Client not starting and hangs after setting temporary directory in dask config

Hello,

I’m pretty new to dask. I’m working with an insanely large dataset (with lots of texts). I need to manipulate the text and when I launch the process, it goes to such an extent that I get a warning that /tmp is full and dask cannot spill over. After searching around, I found out that I can set the dask worker space to a custom directory using dask.config.set(temporary_directory=/path/to/custom/dir). My scratch space is much bigger than /tmp so I created a folder there and set the temporary directory to that. However, now, the client is not starting and just hangs. Specifically, client = Client(n_workers=32) just hangs. A new folder called dask-worker-space is created in my custom location. How do I rectify this?

Thanks.

Hi @sudarshan85, welcome to this forum!

I’m not able to reproduce your problem. Using the following call on my local laptop:

import dask
from dask.distributed import Client
dask.config.set(temporary_directory='/home/guillaume/dask_tmp')
client = Client(n_workers=32)
future = client.submit(lambda x: x+1, 10)
future.result()

works just fine.

This is what you expect, this folder is used by workers to spill over.

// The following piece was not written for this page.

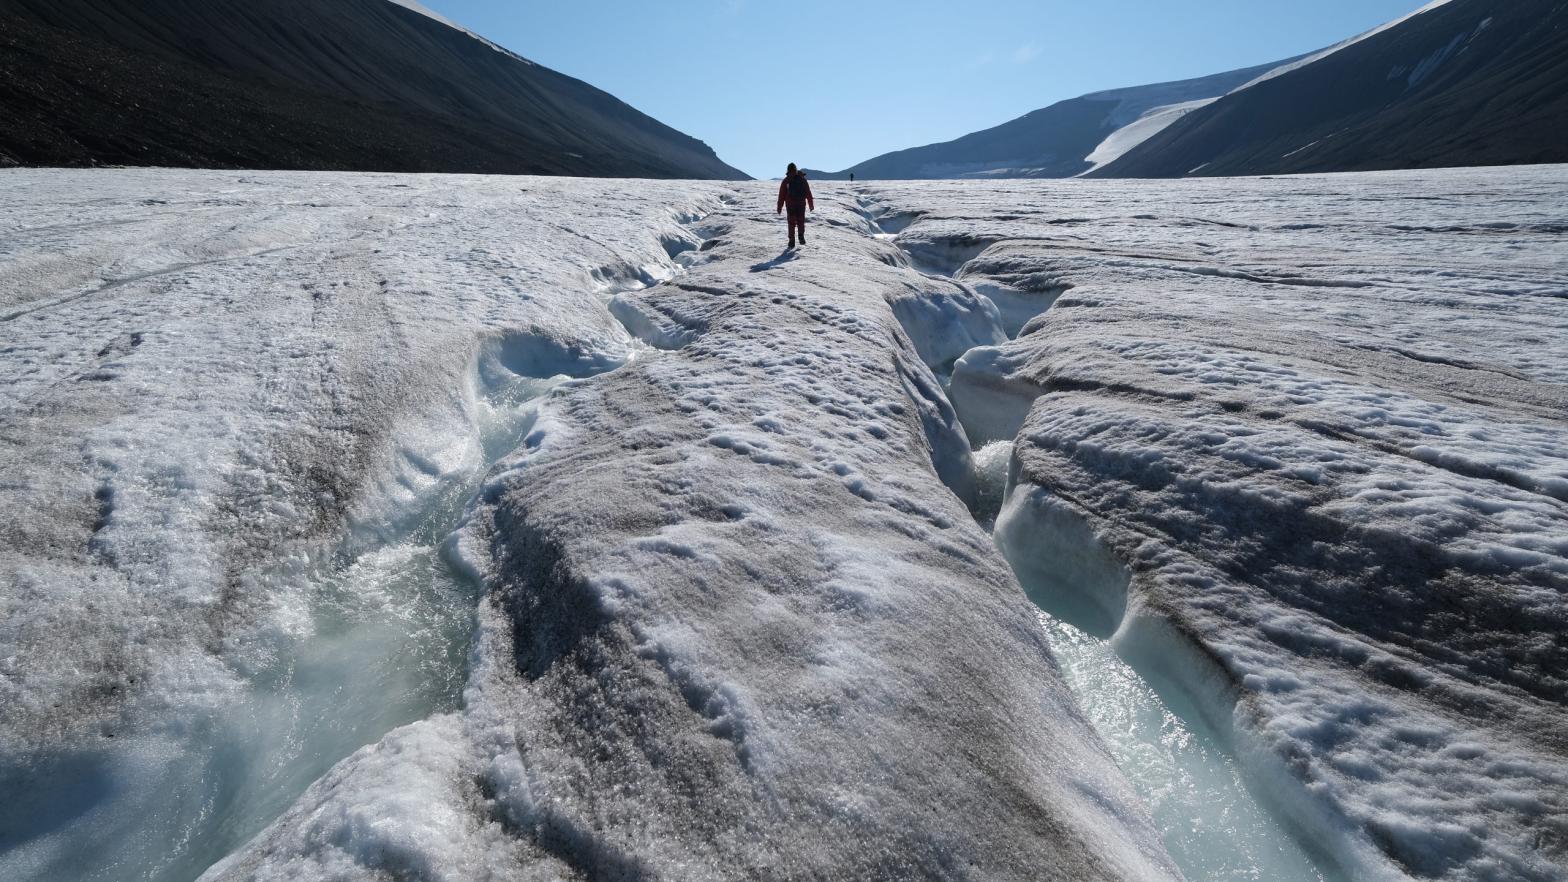 A hiker walks among winding channels carved by water on the surface of the melting Longyearbreen glacier during a summer heat wave on Svalbard archipelago on July 31, 2020. (Photo: Sean Gallup, Getty Images)

By reading this, I imagine you’re on some kind of HPC cluster? On those, the shared space might be not the best place to use for worker spilling, as it is often a shared file system, which can be inefficient for lots of small IOs. In your case, it might not work for file locking, and that could be the problem?

Anyway, I think the best way to go would be to address the problem your stating in the first place:

Spilling is bad in general, you want to avoid this. Depending on your workflow, Dask should be able to stream over your data to avoid loading it all at once. Could you share an example of your code so that we see if we can optimize it?

Thank you for your reply. Let me give a summary of my task which might help answer some questions.

I work with medical data, specifically mental health notes (I can’t share examples of the exact data or show output that might contain sensitive information). Each mental health note has a note type it belongs to. However, nearly 40+% of the notes don’t have a type (or is categorized as missing). My task is to try to build a classifier on the labeled notes and try to classify the notes that don’t have a type.

I’m working with 3 years worth of data (2020, 2021, 2022). The data was taken from a database using Spark and is save as parquet files. Specifically, the parent folder contains a folder for each year, and each year folder contains a folder for each month. Within each of these folders are multiple parquet that was spit out by Spark. Thus the folder structure is: data_dir/year/month/*. The total size of the entire data is 1.3TB. The data saved contains patient id, document id, entry date, note type, and the note itself.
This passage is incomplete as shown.